They are white and feathery. To be totally honest with you, I never really paid much attention to whether I was standing or otherwise. I'm pretty sure that I'm standing most of the time, though. When they come out of my back, it's from an area just below my shoulderblades and it's a sensation somewhere between pleasure and pain. I can't think of anything to compare it to. Flying is the coolest friggin feeling in the world, though! When you fly, can you feel your wingstrokes? The wind on your skin and through your hair and feathers? It's absolutely amazing.

----------


## nerve

oops **slaps forehead** why did i think he was talking to Seri? *duh!*

eh...



> it's a sensation somewhere between pleasure and pain[/b]



like a sore muscle?

----------


## Serinanth

Not annoying in the least   ::D:  ITs cool when I can tell people about these experiences. I cant just tell anyone yknow they just look at me like im nuts.... oh wait... hehe I keep forgettin I am   ::mrgreen::

----------


## jill1978

I've only had one lucid dream where I'm leading someone....There is a pathedic looking girl and I ofer to walk her home, but I warn her that I'm only dreaming and if I dissapear I must have woke up

----------


## nerve

::lol::  

"I'm only dreaming, so if i dissapear, it means i've woken up.."

"Ok"

**starts walking**

*dissapears*

"....Hello?....um...  ::shock::  crap..."

----------


## wasup

I have a few questions for you.  You talk about this and I changed what I want to do in my 4th lucid dream (my next one).  Also, did anyone ever try having 360 degree periperipheral vision?  I wondered how that would feel and can one of you experts try it and tell me what it's like?  Thanks.  Truly awesome about what you said Seri.

----------


## Serinanth

::D:  

If you manage to get 360 vision keep a barf bag by your bed, you might wake yoruself up with vertigo and the spinz

During OBE I noticed I have an expanded field of view but not 360, that would be weird, I think there might be a limit to what my visual perception can handle. 

What would happen if you made a sphere 12 foot in diameter and lined the interior with a reflective surface so that it was perfectly mirrored on the inside, what would happen if you were inside of it with a light, what the hell would that look like?

----------


## wasup

Good description of the vision question.  That was what I was thinking too; I didn't know how someone could handle that and what it would look like .

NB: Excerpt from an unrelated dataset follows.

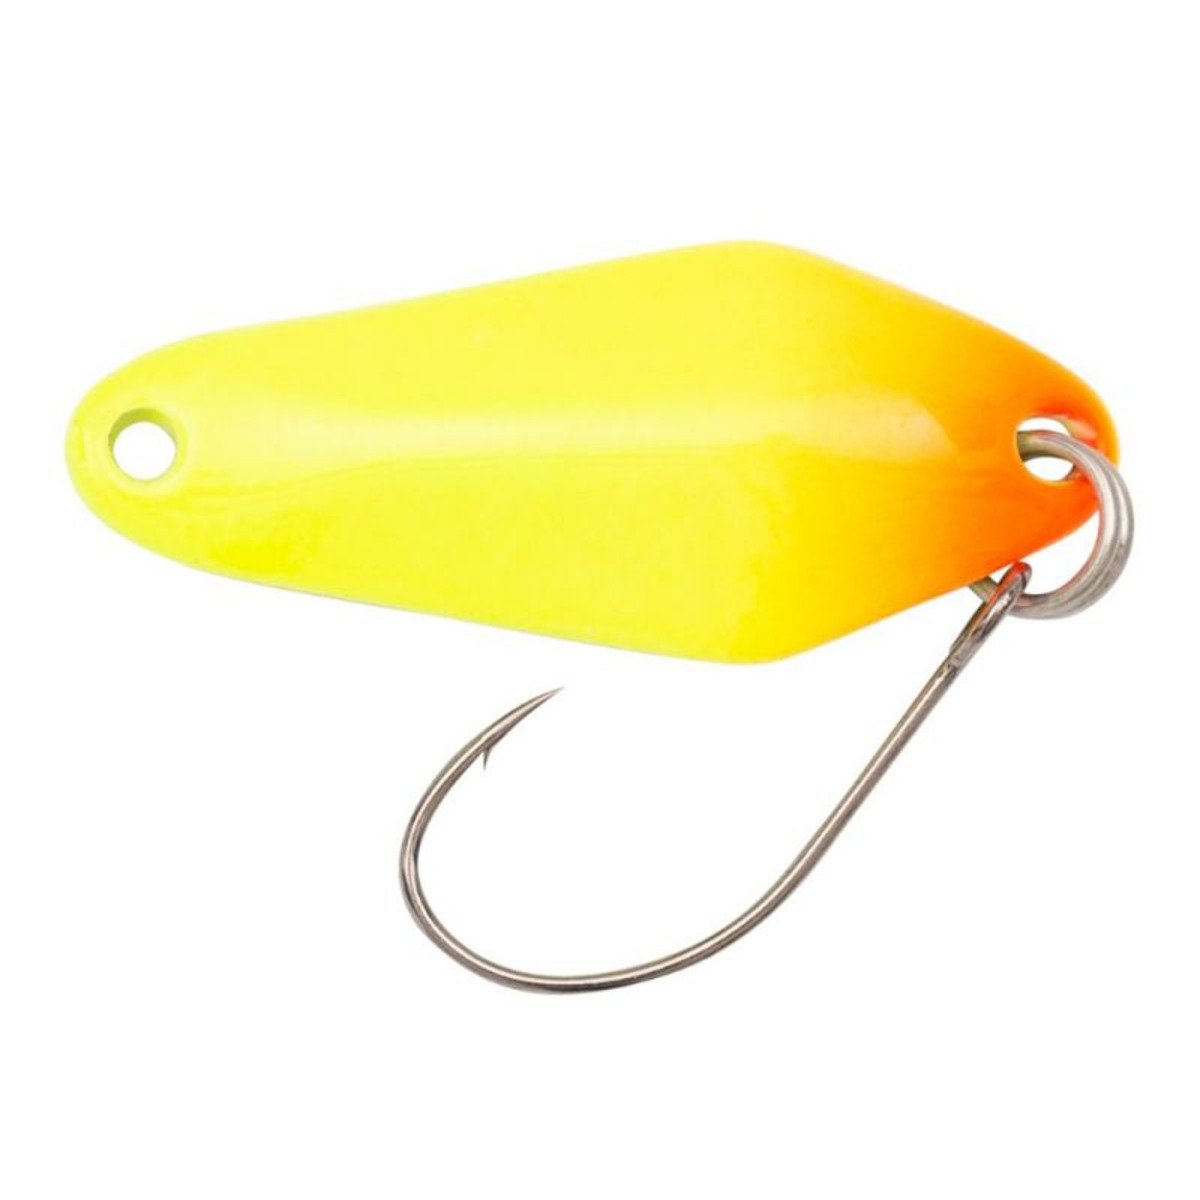 Berkley Area Game Spoons Chisai - 2.2 g - 2.5 cm - Orange Tip-Chartreuse-Gold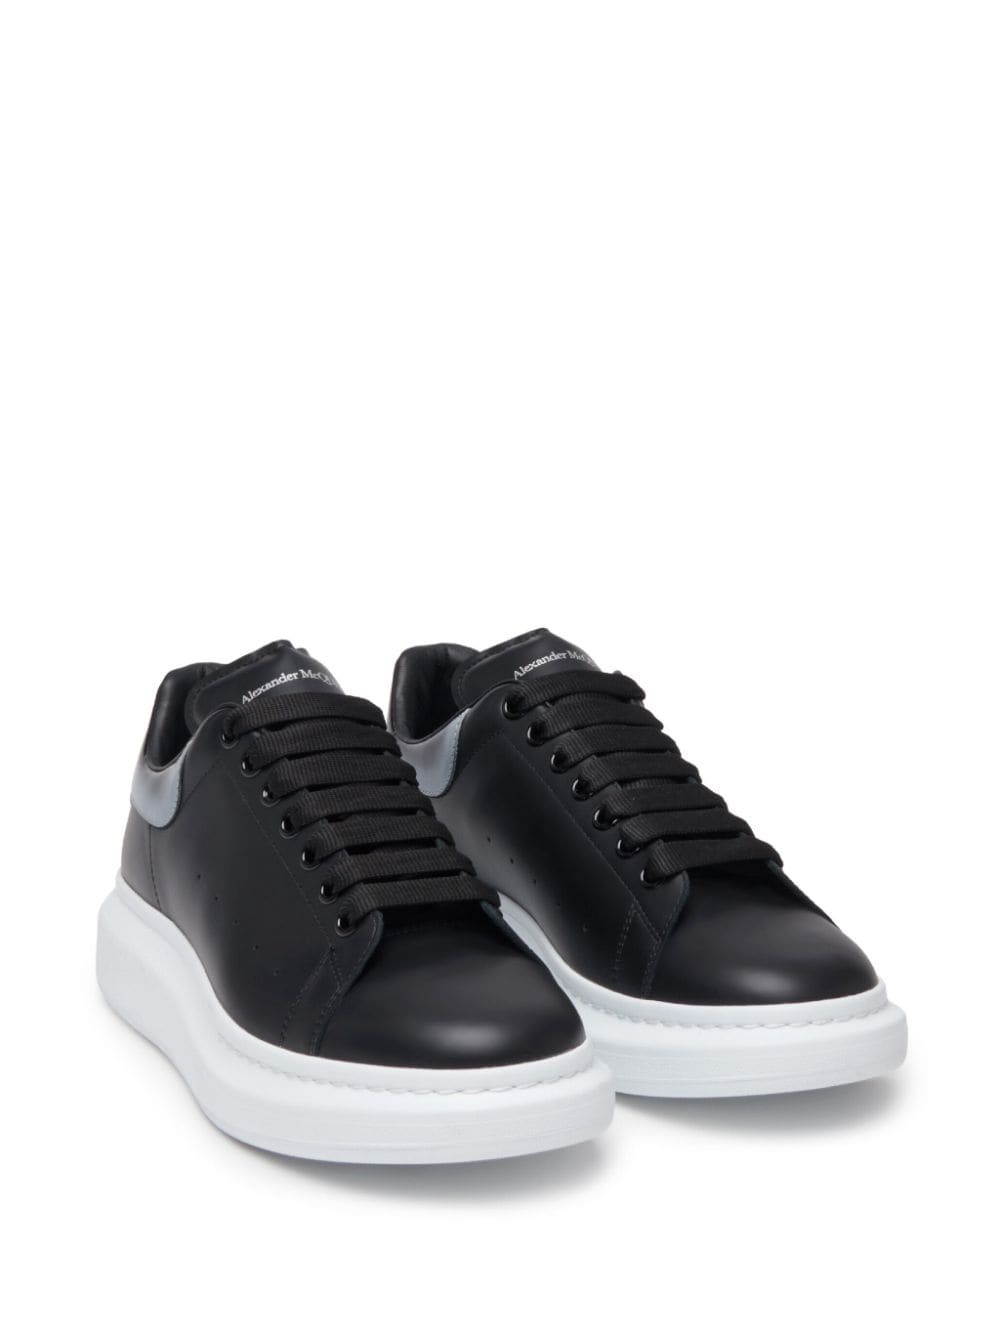 Shop Alexander Mcqueen Men's Oversized Black Leather Sneakers With Chunky Rubber Sole

To answer your question (the weird one) there is this site that has and answer to that (it is the actual site I learned what lucid dreaming was).  It said that (do flashlights give off uv rays?) it would keep bouncing and since it had no where to go it would multiply, make it very, increasingly bright and hot and then melt everything.  Also, in a lucid dream you should try that with a laser pointer!  That would be so cool!


http://www.skytopia.com/ <<<<<<<<<That's the site, check it out it has a bunch of useless information that you will never need.

----------


## froggey

> _Originally posted by wasup_
> *(do flashlights give off uv rays?)*



No, cos if they did you couldd tan yourself with one  ::shock::   ::lol::

----------


## Serinanth

Actually My thought of the sphere if made into a small handheld device I wondered if you could make a sort of light grenade.

----------


## nerve

360 vision? i'm sick just thinking about it...

----------


## Serinanth

it would be like a flashbang

Disorient so you can make a move without killing anyone

Would make pesky vampires go poof?

 8)   ::D:

----------


## nerve

i'm a vampire! fear me!






<this pointless post brought to you by paperdoll-ep>

----------


## Serinanth

There are older and much more dangerous things than vampires in existance...Things that find vampires disttastefull

<==



AQnd no not the suffed animal patchwork variety   ::D:   ::twisted::

----------


## nerve

hmmph...  ::roll::

----------


## xaldarin

:::muffin:::

----------